Reproduce, exactly and only, the lines of the data that follows from the one containing "The Embraer ERJ-190" down to the one containing "squeezing lemon juice on apple slices", without pictures.

──────── Provided records ────────

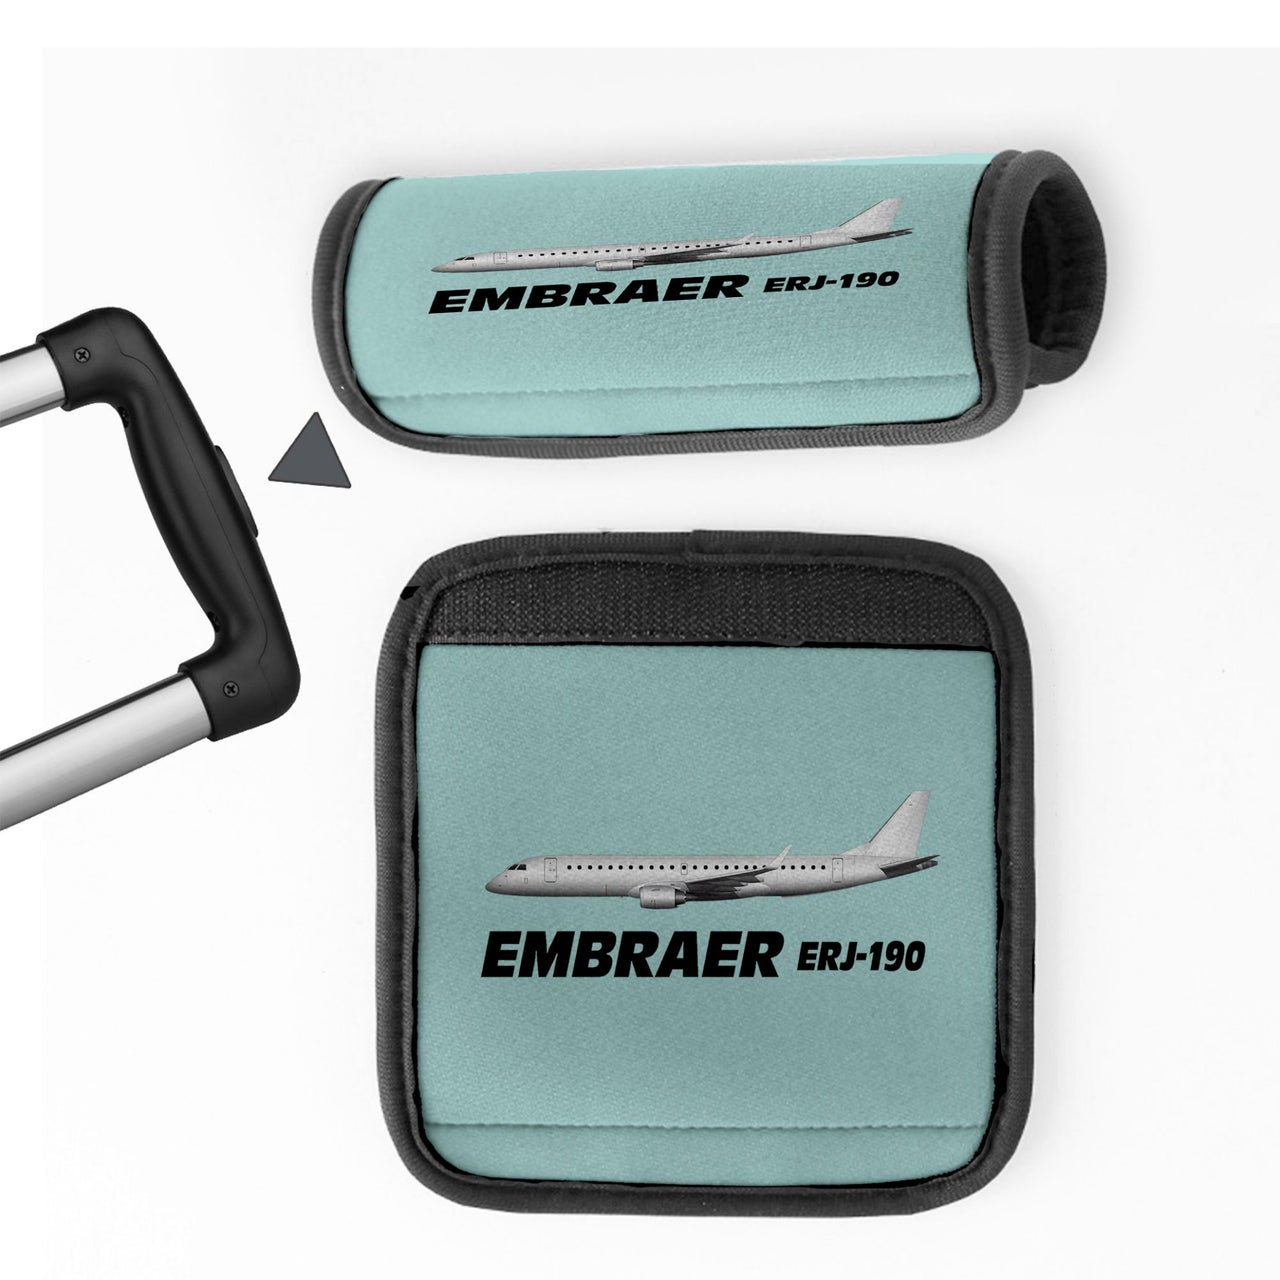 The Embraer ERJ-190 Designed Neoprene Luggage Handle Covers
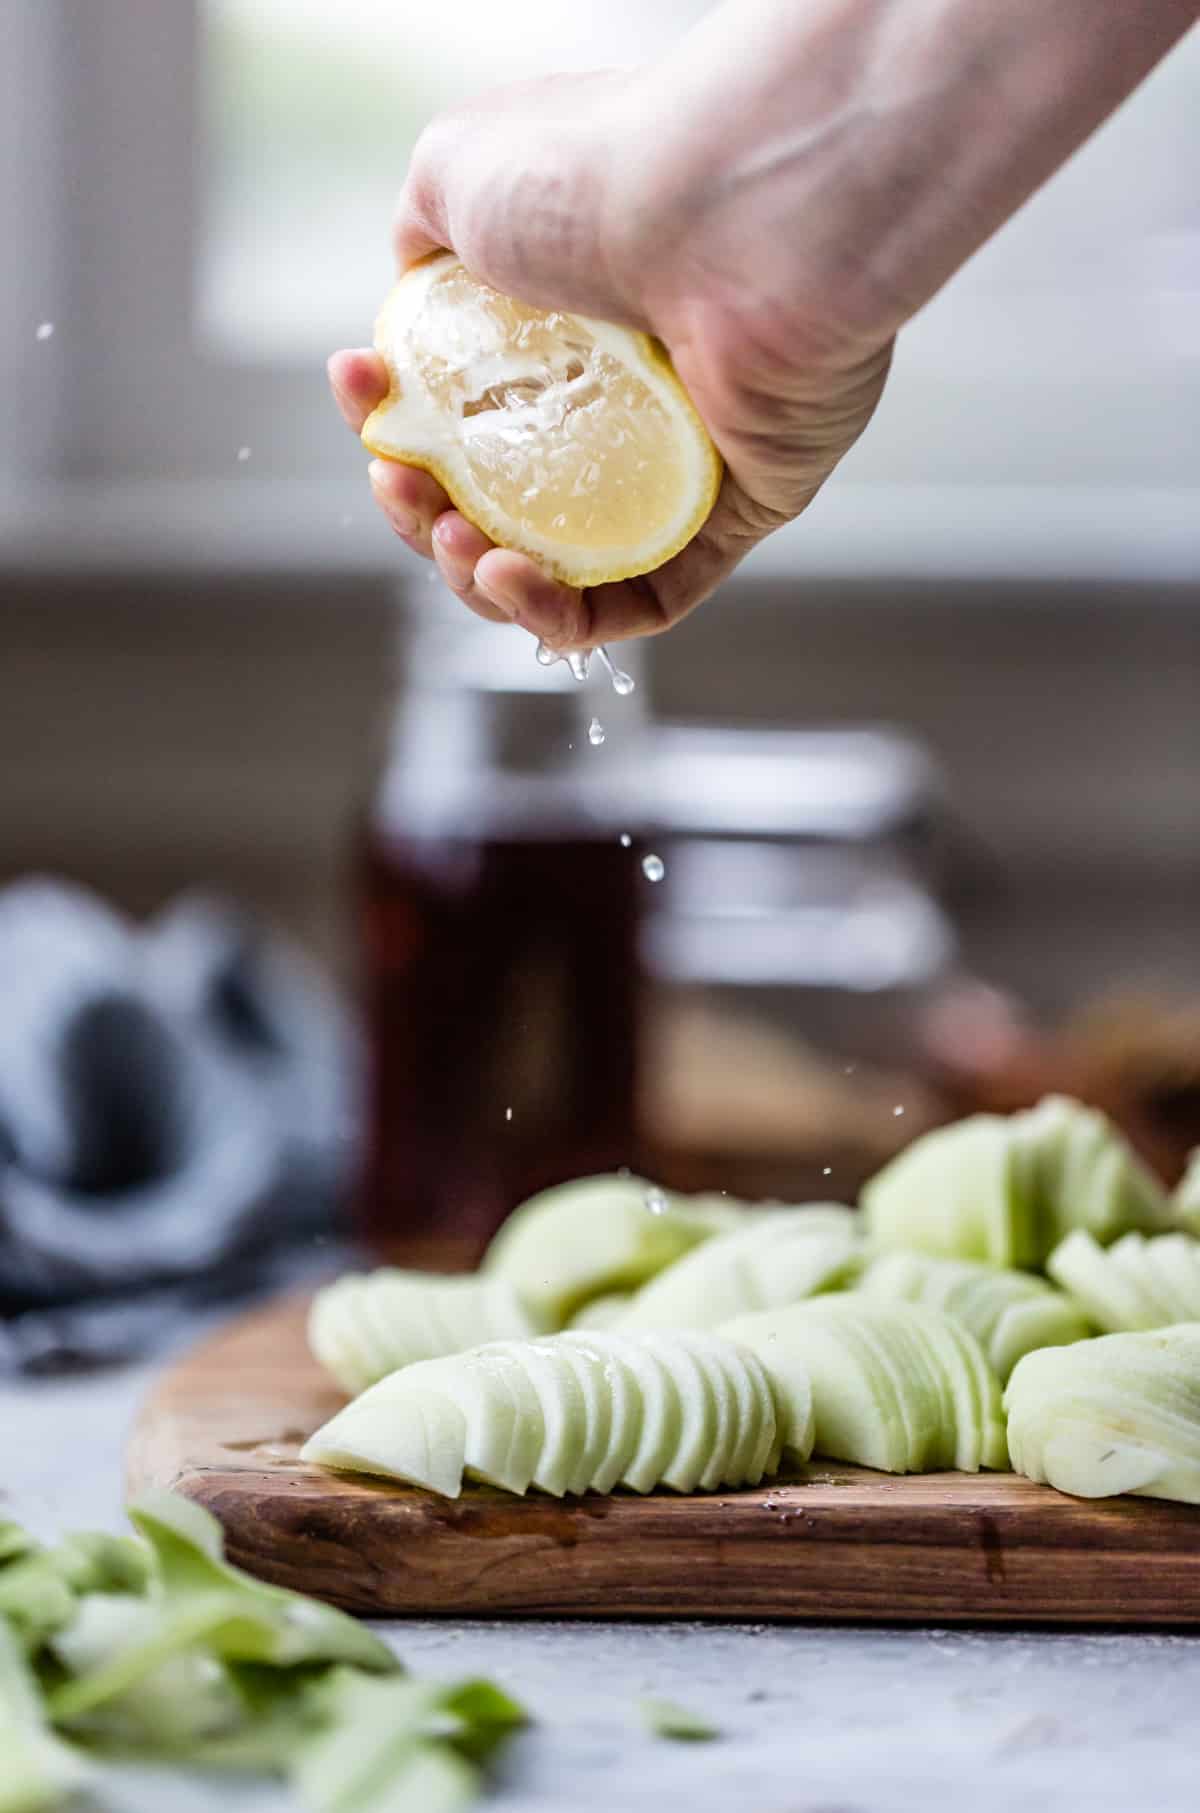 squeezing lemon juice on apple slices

────────
──────── Provided records ────────

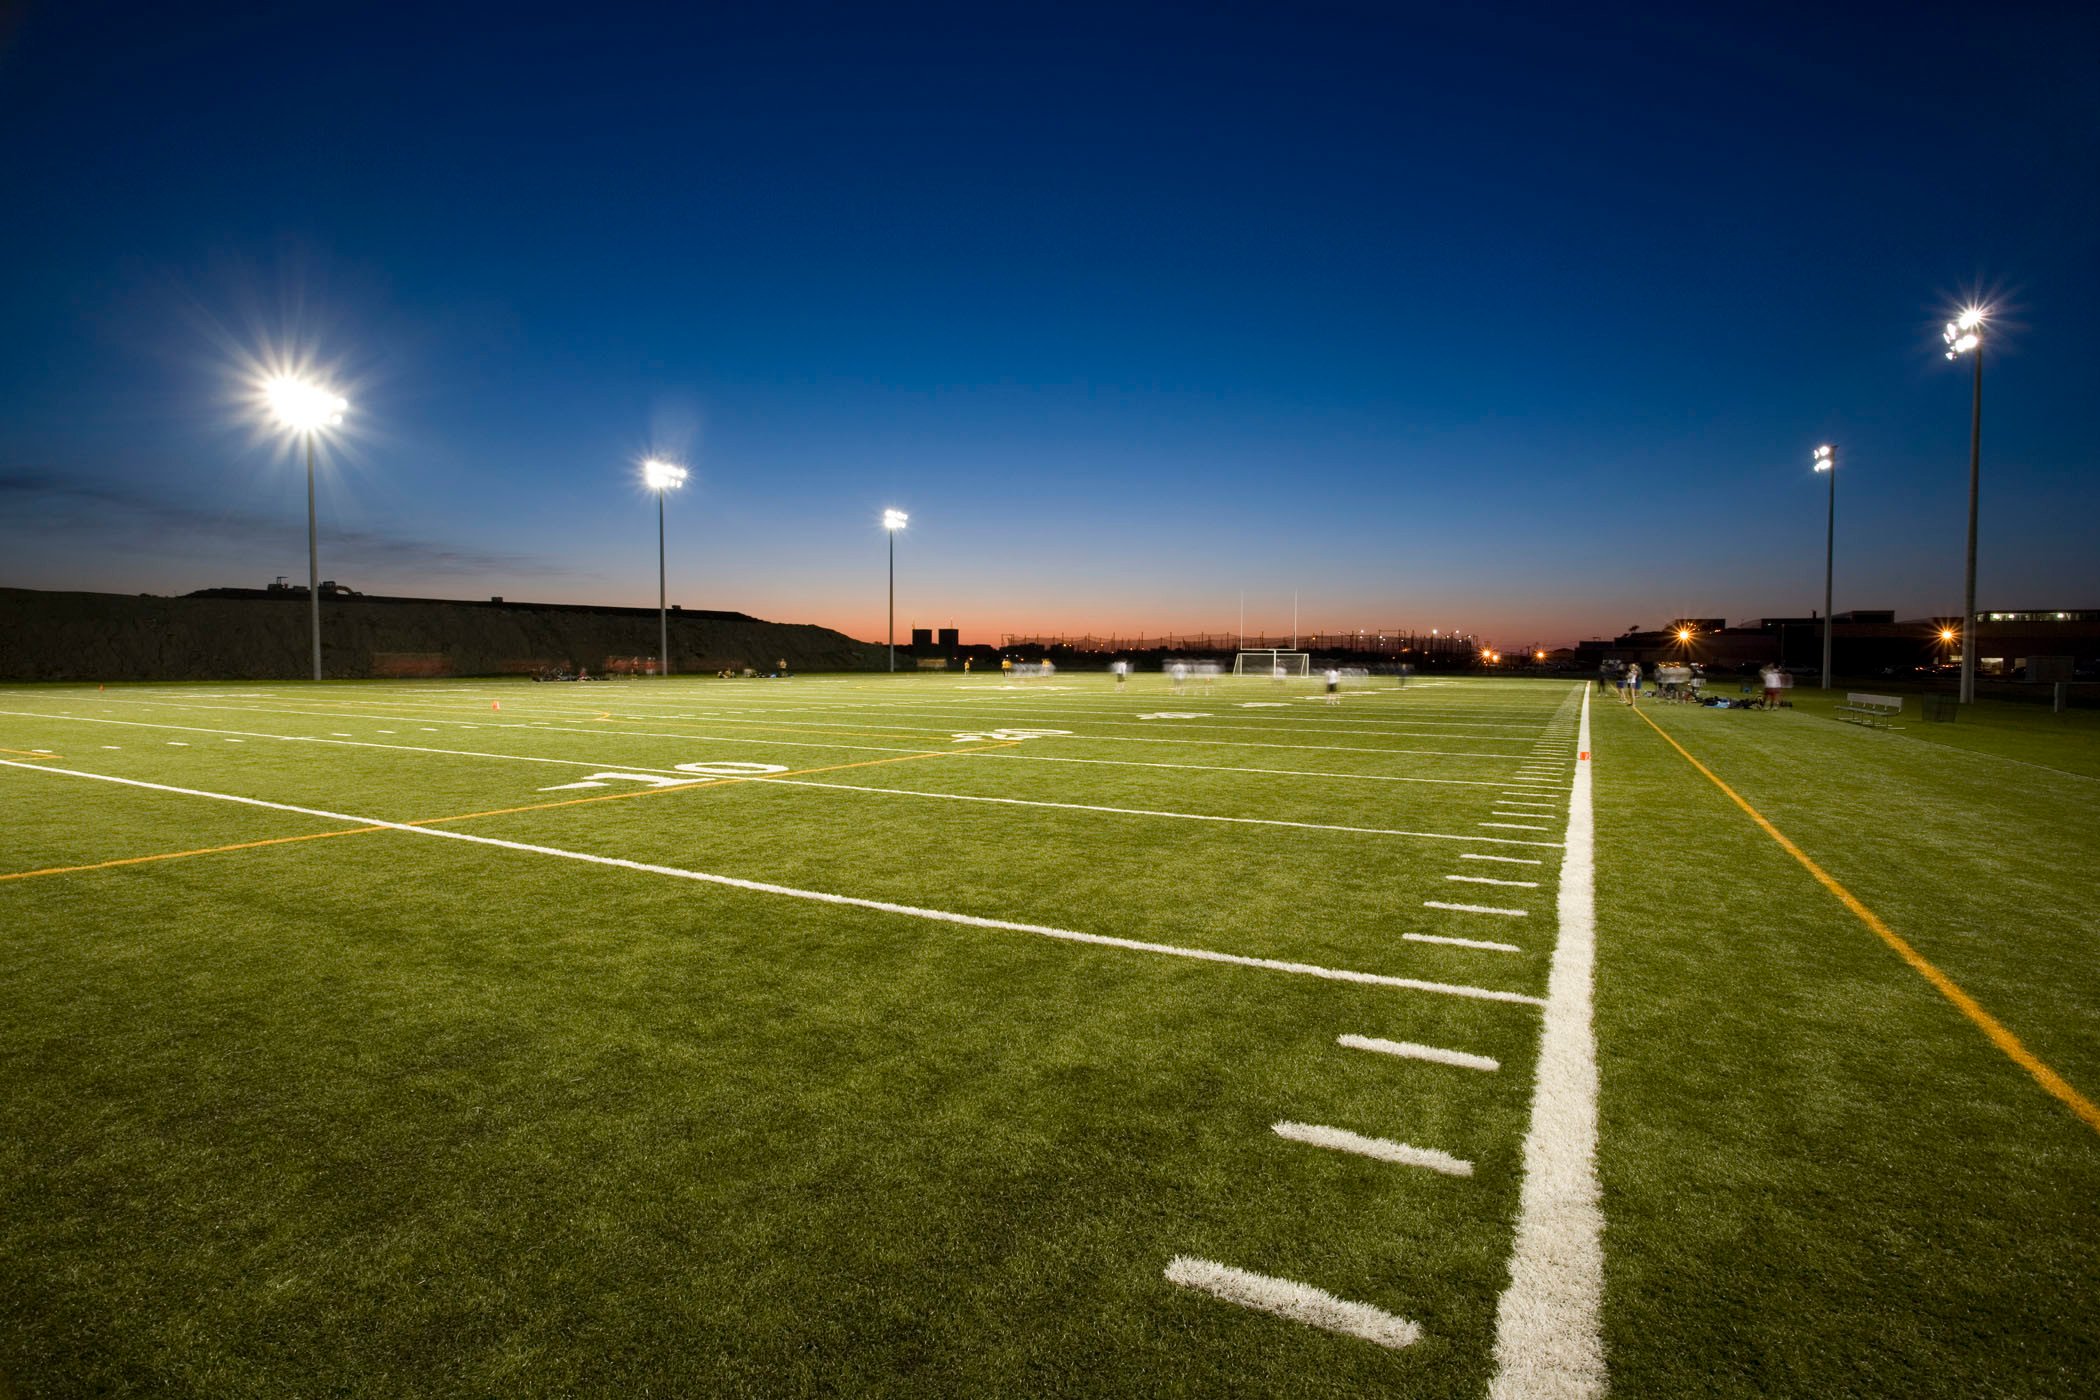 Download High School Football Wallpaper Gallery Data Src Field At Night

────────

- [Solved exercise]
 The Embraer ERJ-190 Designed Neoprene Luggage Handle Covers
 squeezing lemon juice on apple slices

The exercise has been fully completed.